LANSING, Mich. - Michigan legislators late Tuesday passed a $1.5 billion bill with state incentives to land major business projects, including an electric vehicle battery factory that General Motors wants to build in the Lansing area.
Once Gov. Gretchen Whitmer signs the funding and related bills into law, $1 billion in state revenue will go to the new Strategic Outreach and Attraction Reserve Fund. Legislative budget committees would have to approve transfers from the account to new site readiness and "critical industry" funds before the state’s economic development board could distribute grants, loans and other assistance to companies.
"Thanks to the effective collaboration of legislative leadership in both parties, our state will be competitive for every dollar and every job for years to come," the Democratic governor said in a statement. The funding legislation was approved on 25-11 and 78-25 votes in the Senate and House before lawmakers adjourned for the year.

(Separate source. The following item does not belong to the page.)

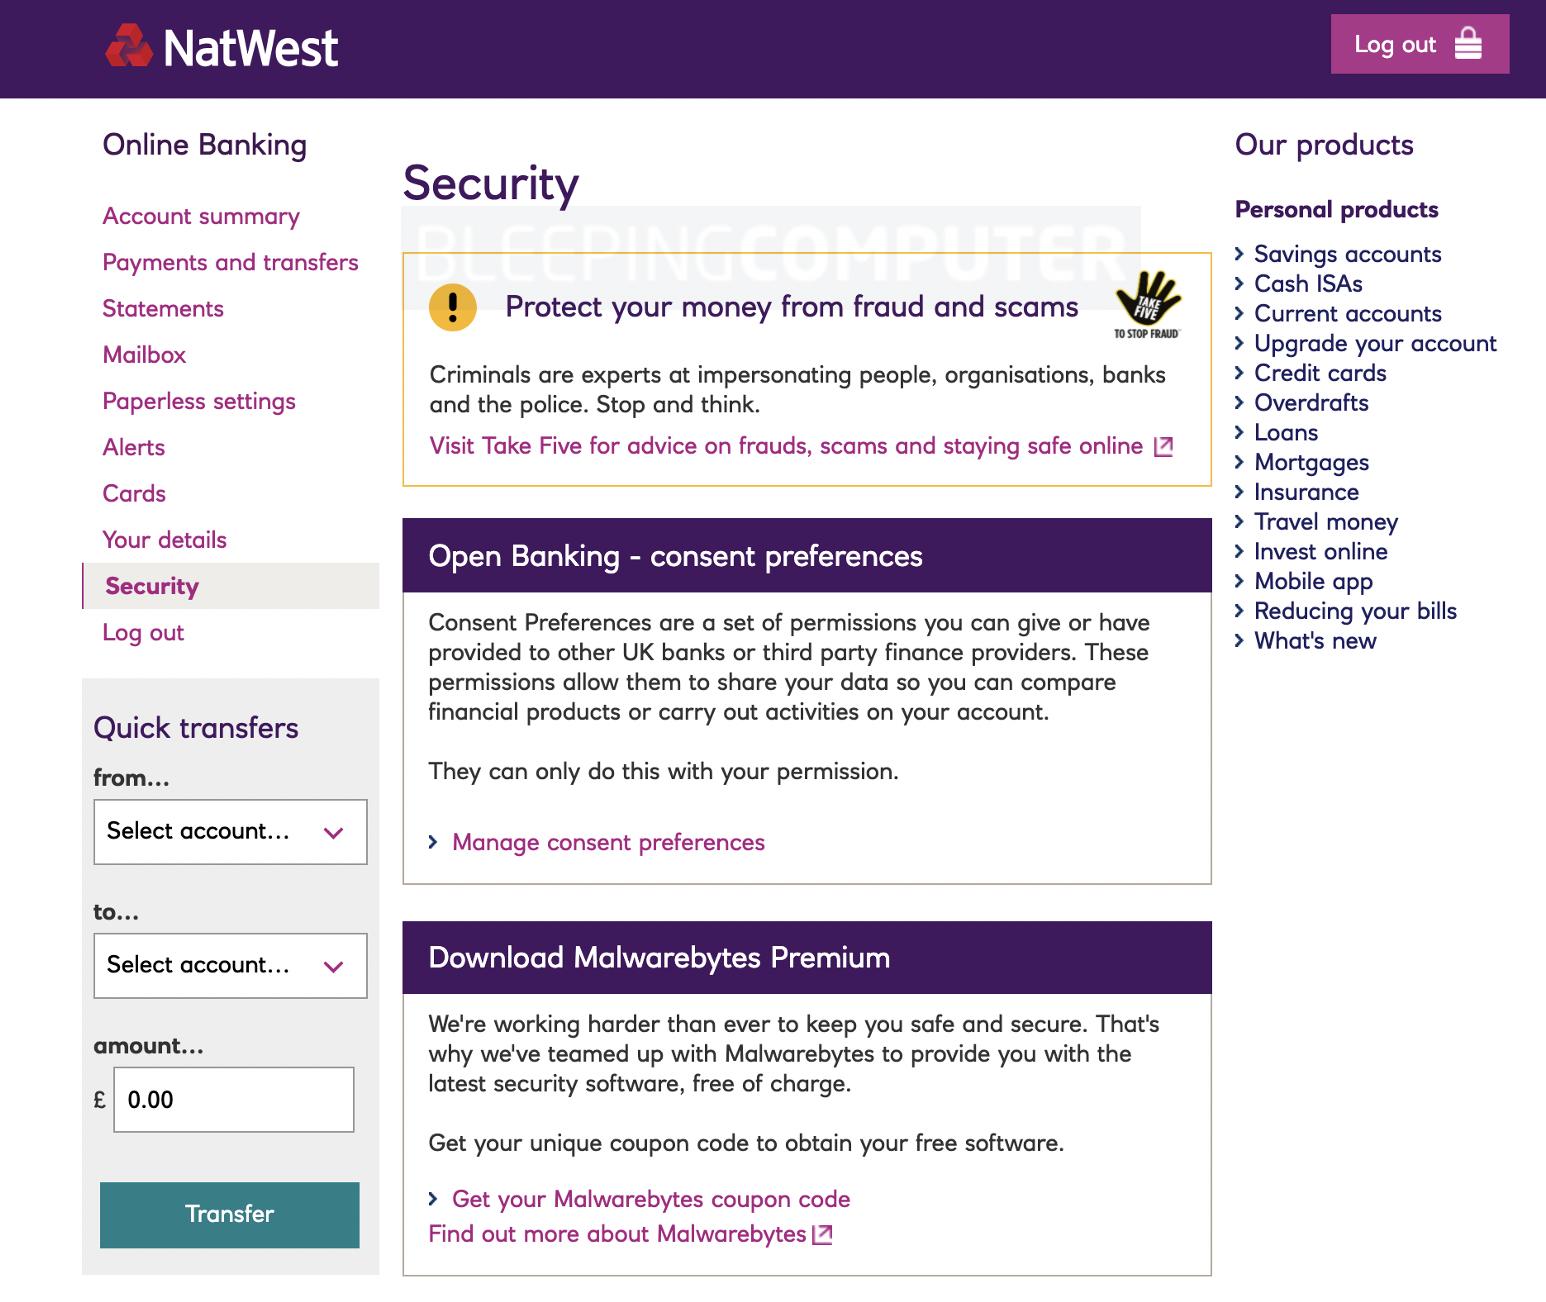 natwest free malwarebytes offer

As part of the deal, she will sign $409 million in aid for restaurants and other businesses that lost money in the pandemic. The Republican-controlled Legislature also approved a $75 million tax cut for businesses that pay taxes on nonindustrial equipment and personal property. The exemption, based on the value of the equipment, would rise from $80,000 to $180,000 per parcel.
"We are in a period where there are increasingly large opportunities that will have generational and transformative impact. This allows us to be in better position to win those deals," Quentin Messer Jr., CEO of the Michigan Economic Development Corp. and president and chair of the Michigan Strategic Fund, said of the $1 billion in incentives.

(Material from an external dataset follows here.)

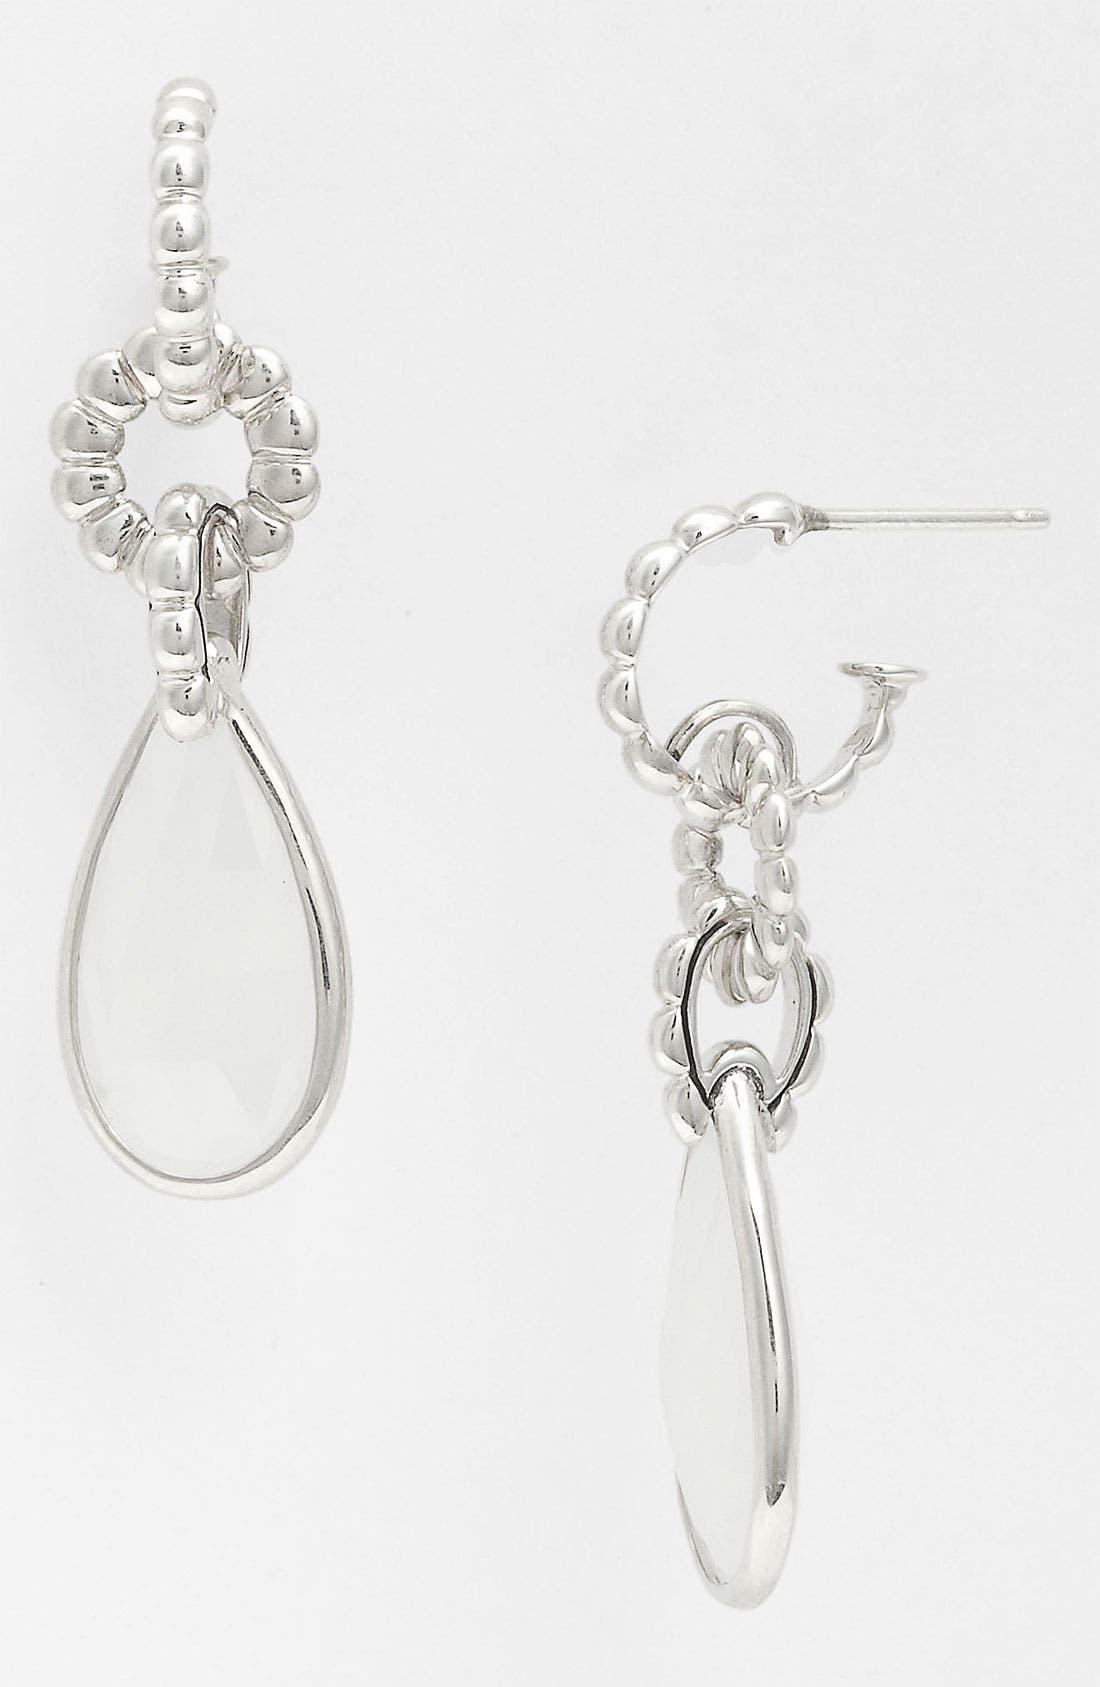 Main Image - John Hardy 'Bedeg' Small Stone Drop Earrings

The Lansing City Council on Monday began approving local tax breaks for the proposed GM project, which could cost up to $2.5 billion and employ as many as 1,700 workers. Business leaders and lawmakers have said Michigan is in the mix for three other big deals that could be announced as soon as January.

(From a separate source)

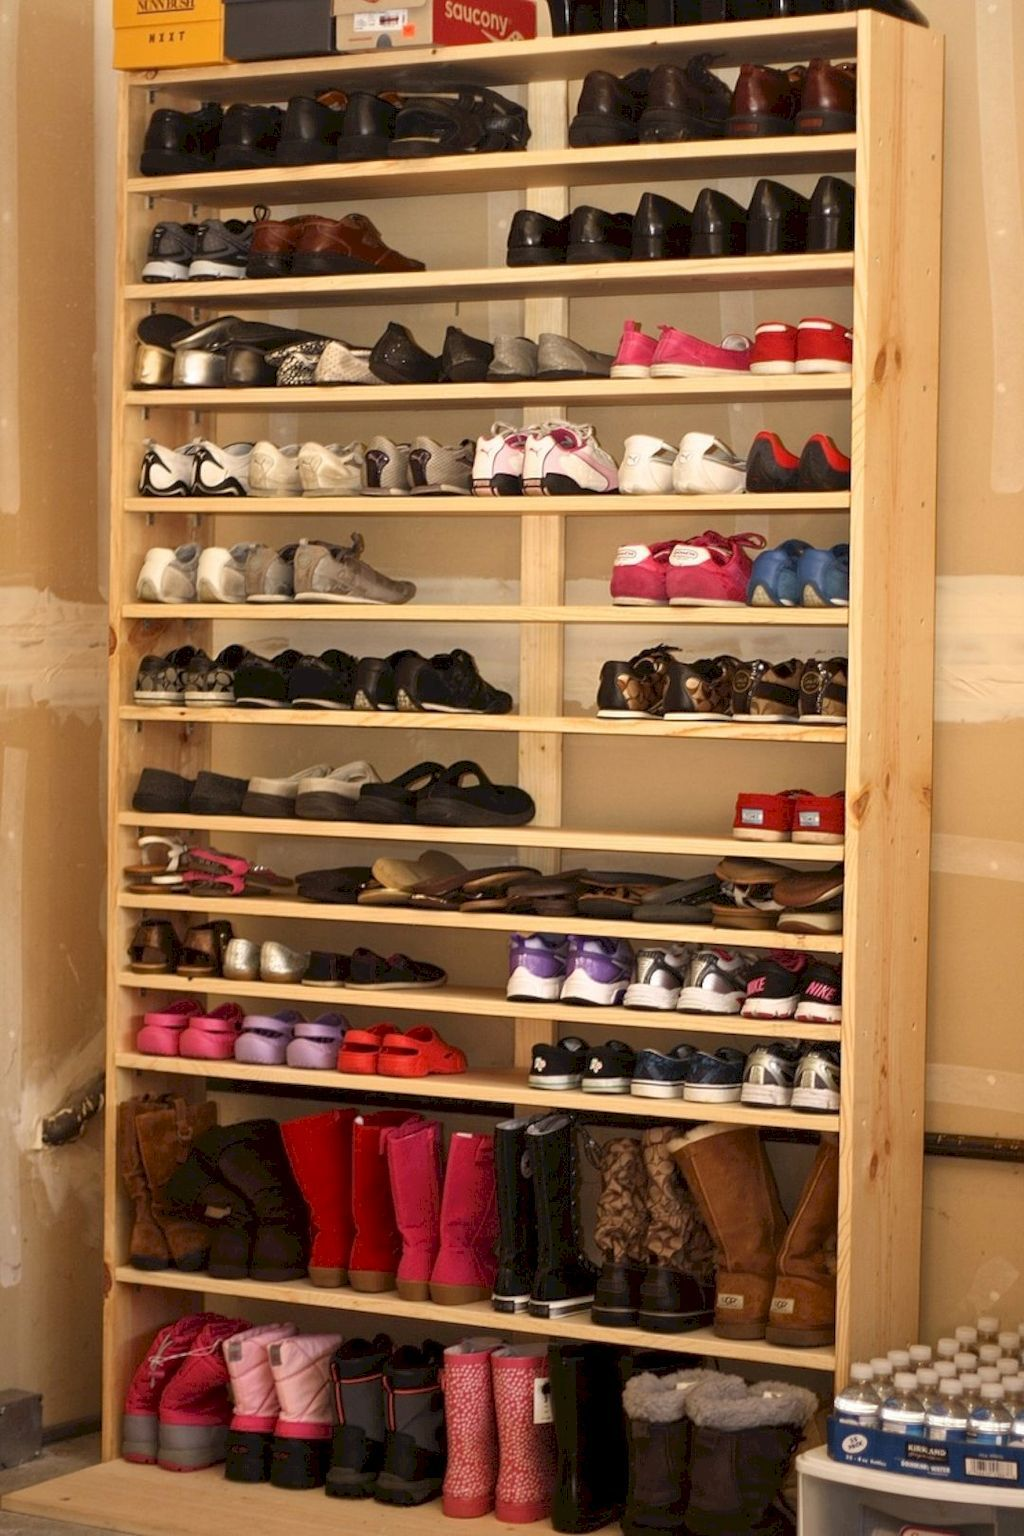 Inspirational Shoe Racks and Cabinets

Michigan-based automakers qualify for generous job-retention tax credits under an old economic development program, and some businesses were awarded tax incentives through a newer initiative that expired in 2019. But supporters of the new incentives say the state cannot compete with what other states are offering, despite criticism that such corporate subsidies are unfair to other companies and could be better spent on government services.
Talks about boosting incentives had been underway but intensified in recent months after Ford Motor Co. announced plans to build an electric vehicle assembly plant and three battery factories in Kentucky and Tennessee.
"The Ford announcement felt like a punch in the nose. ... Michiganders have always responded to every punch with a more forceful counterpunch," Messer told The Associated Press.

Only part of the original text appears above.